A soft-spoken man who let his works do the talking. That is how artist Ganesh Pyne, who passed away in Kolkata on Tuesday following a heart attack will be remembered. He leaves behind a trail of memories and indelible works that stand out as milestones in Indian modern art. He left an imprint on his peers and left the younger generation overawed.

Among the youngsters was noted artist Sanjay Bhattacharya. In 1978, when Sanjay was in his second year at Kolkata’s Government College of Art & Craft, he saw a study by artist Ganesh Pyne and remembers being mesmerised by it for days. He remembers it vividly. “In a blue colour wash work, he had shown a woman reading in the light of a table lamp. I was stunned by that work. It was a marvellous study. Those days the trend was that as you passed out [of college], you would leave behind a few works of yours for the students of subsequent batches. This was one of the works, Ganesh Pyne had left behind.”

His peers, gallerists and critics remember him as an extremely humble and shy person who excelled as an artist. “He was one of the most polite artists I have ever met. Very unassuming with no airs about himself but technically he was so sound. I have not seen anybody else make a ‘line’ the way he did,” adds Sanjay.

Eminent art critic and art writer Ella Datta concurs: “His drawings were so phenomenal. His lines were strong and sharp. He created angular figures with a lot of shadows through crosshatching.”

Datta says that the artist figures in a lot of significant collections in Delhi and Mumbai and abroad, notably in the Herwitz Collection owned by the American couple Chester and Davida Herwitz, who have built a major collection of modern Indian art. In the 1960s, she reveals, even the legendary violinist Yehudi Menuhin bought his work.

“Although Pyne was inspired by Gaganendranath and Abanindranath Tagore, he started his own visual vocabulary in the early 1960s. There was a change in his figuration from the naturalistic earlier paintings to the somewhat stylised angular form,” she adds.

One of the founding members of the Society of Contemporary Artists, he hardly held solo exhibitions and mostly showcased his work in group shows.

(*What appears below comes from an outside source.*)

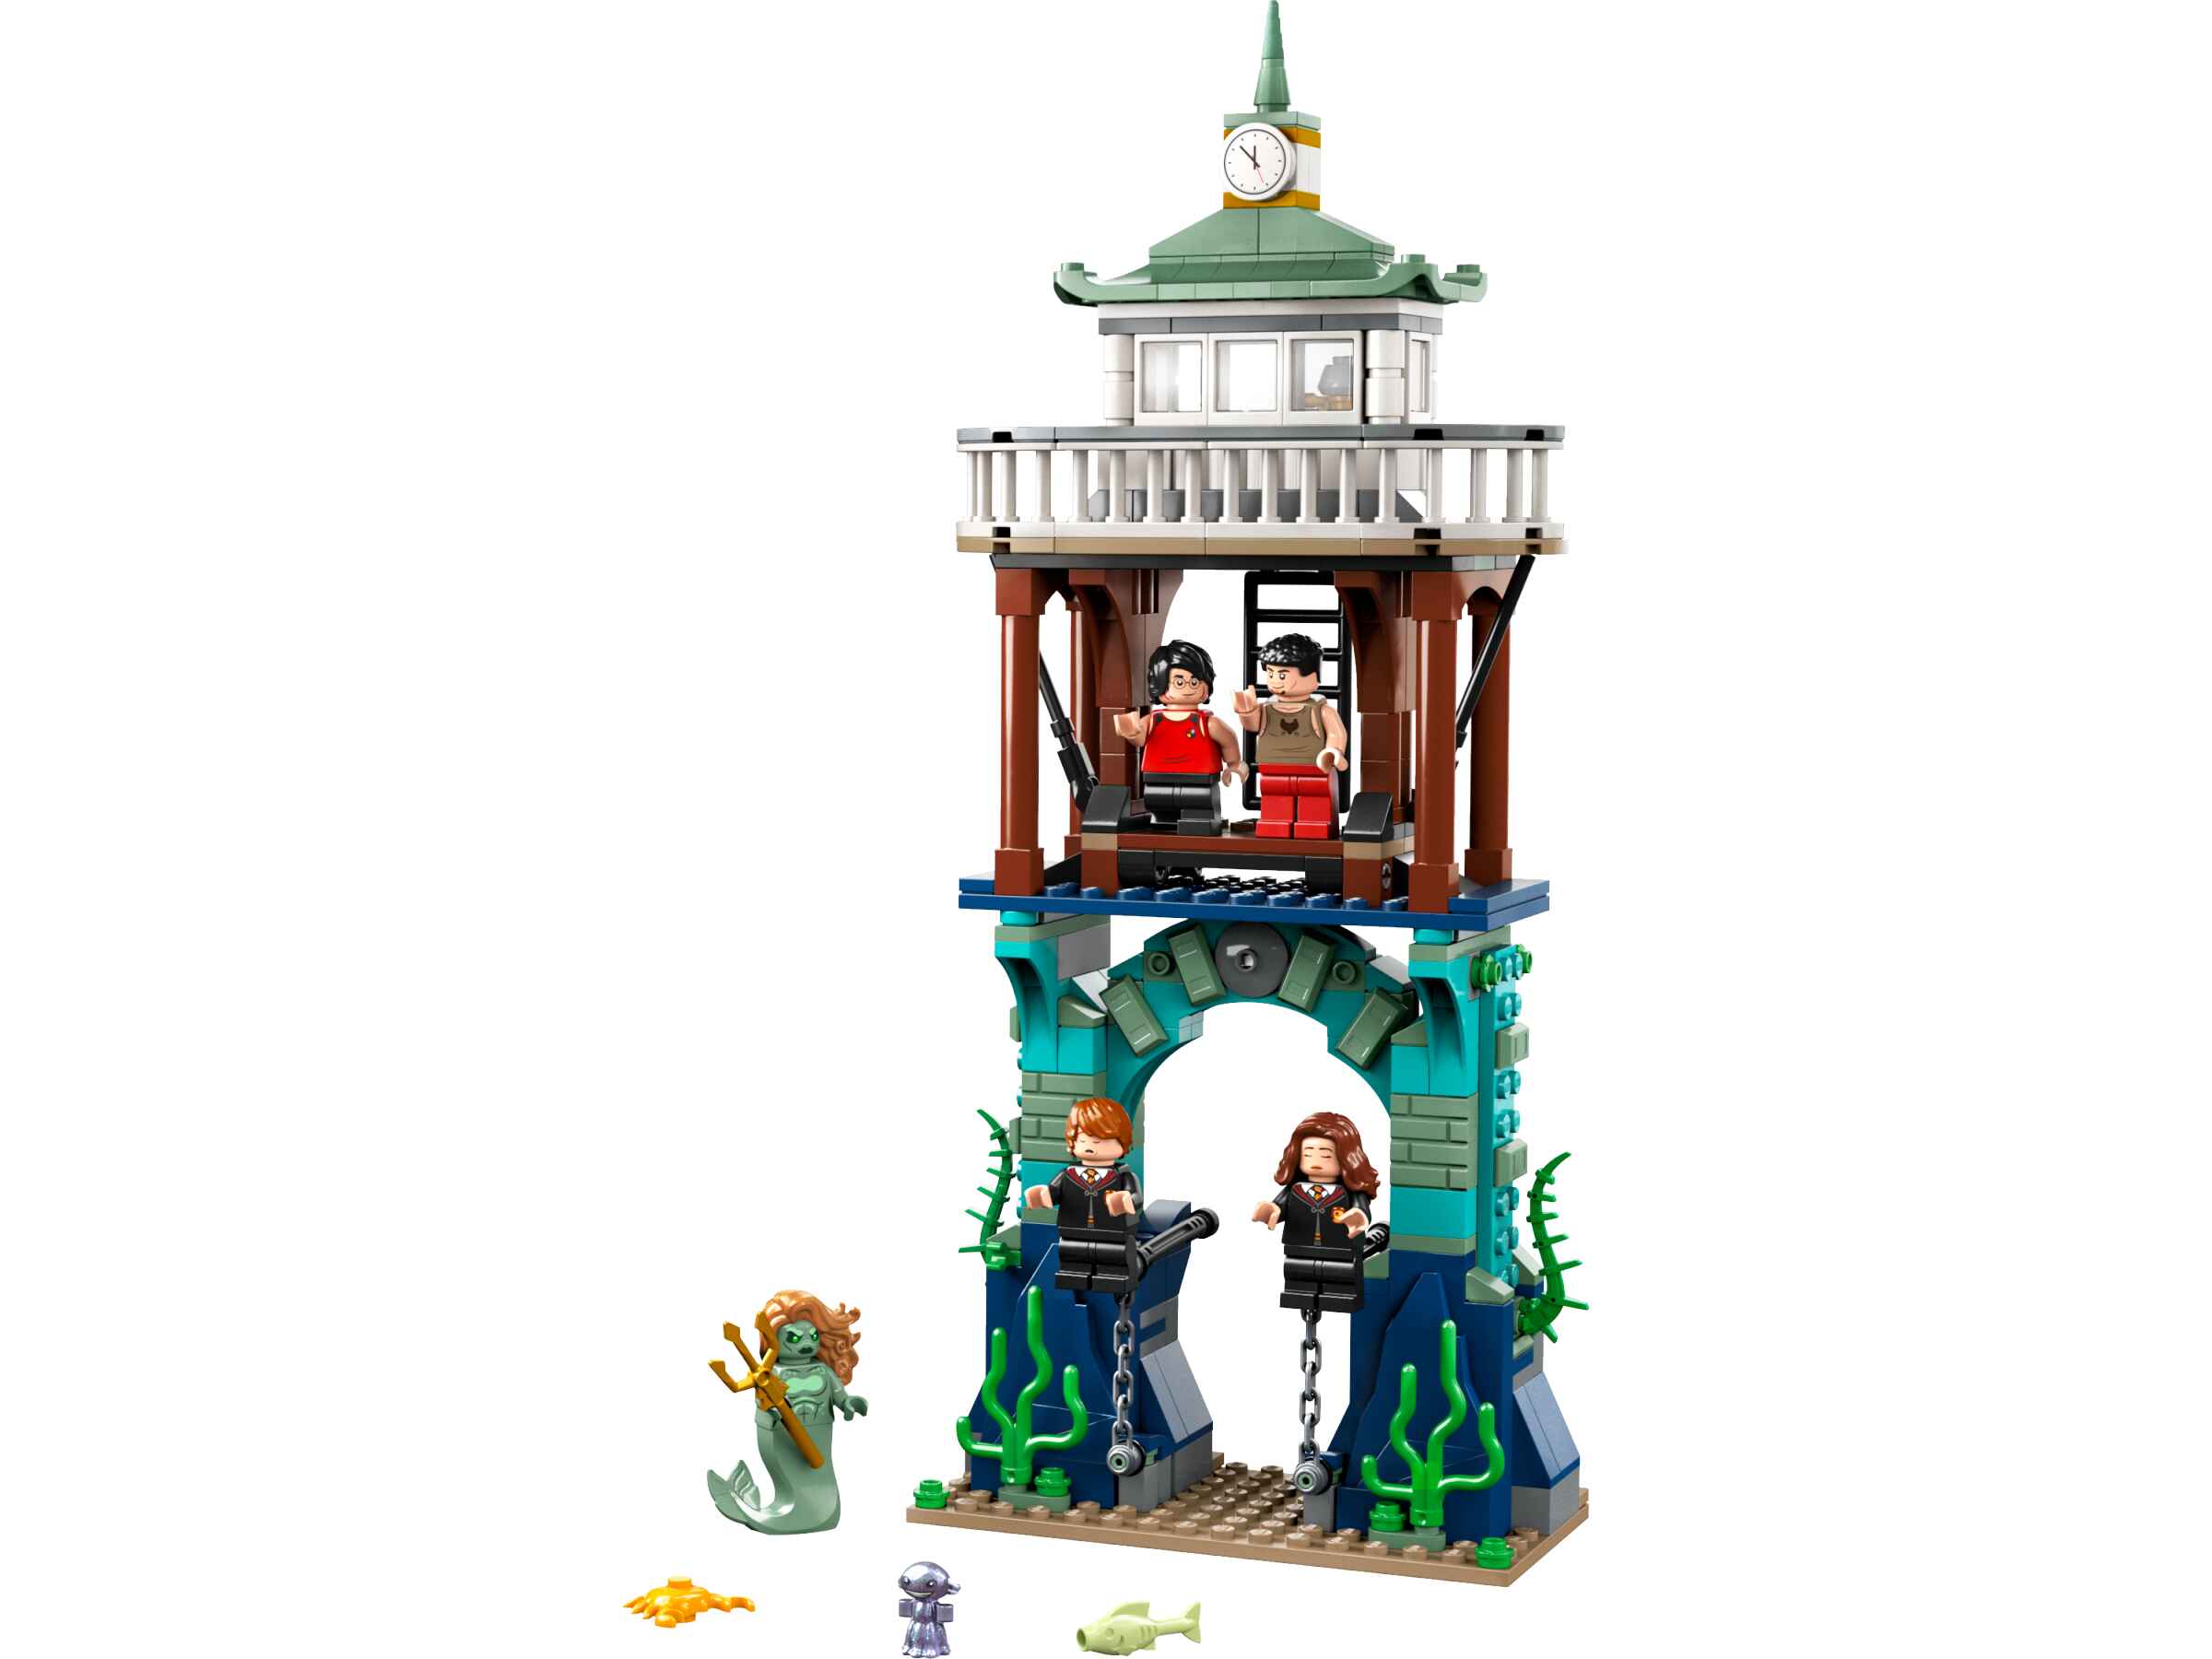 LEGO 76420 Harry Potter Trimagisches Turnier: Der Schwarze See, 7 Figuren
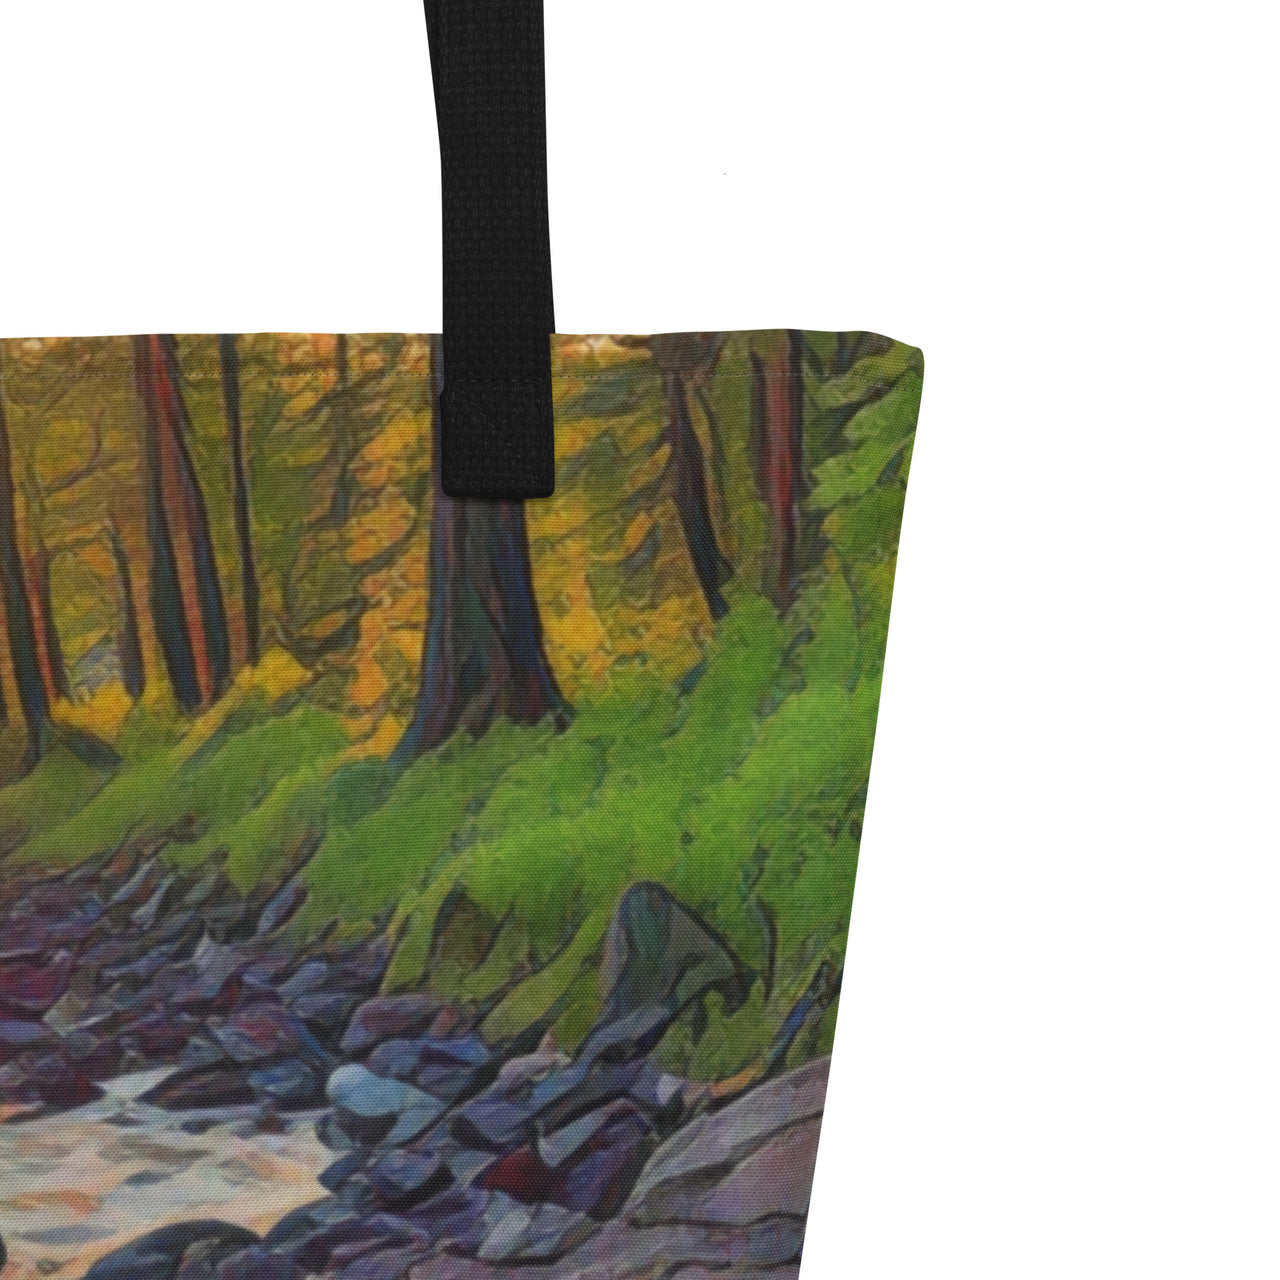 Oregon Stream - Digital Art - Large 16x20 Tote Bag W/Pocket $34.95

Sanjay says that not every artist can sketch but “his preliminary works were so strong and flawless. Not many artists would exhibit their sketches or jottings but he had a number of exhibitions of such work. In those days when there was no concept of market, only two artists would sell — Ganesh Pyne and Bikash Bhattacharya.”

Though he began with water colours, Pyne moved to gouache and tempera, a medium which became his forte.

The melancholy, alienation and pain that underlined his art came from the communal riots of Calcutta that hit the city in 1946. The anguish and suffering of the tragedy that the artist experienced found an outlet on his canvas. “This entire sense of melancholy and pathos that you see seeping through all of his works is coming from the tragedy. It also made him the person he was, reticent and quiet,” says Kishore Singh, head of publication and exhibition at the Delhi Art Gallery (DAG). DAG has a sizeable Ganesh Pyne collection.

“I was very frustrated when I came out of art college. There was no market and I remember meeting Ganesh Pyne at an exhibition and he said, ‘The world will not allow you to paint but an artist has to paint.’ In fact, after he told me that, I went back to my art with full faith and came out with a show,” recalls Sanjay.

Art show

As a tribute to the artist, Vadehra Art Gallery is holding an exhibition of his works in New Delhi till March 30. The lines, the colours are not fading away anytime soon.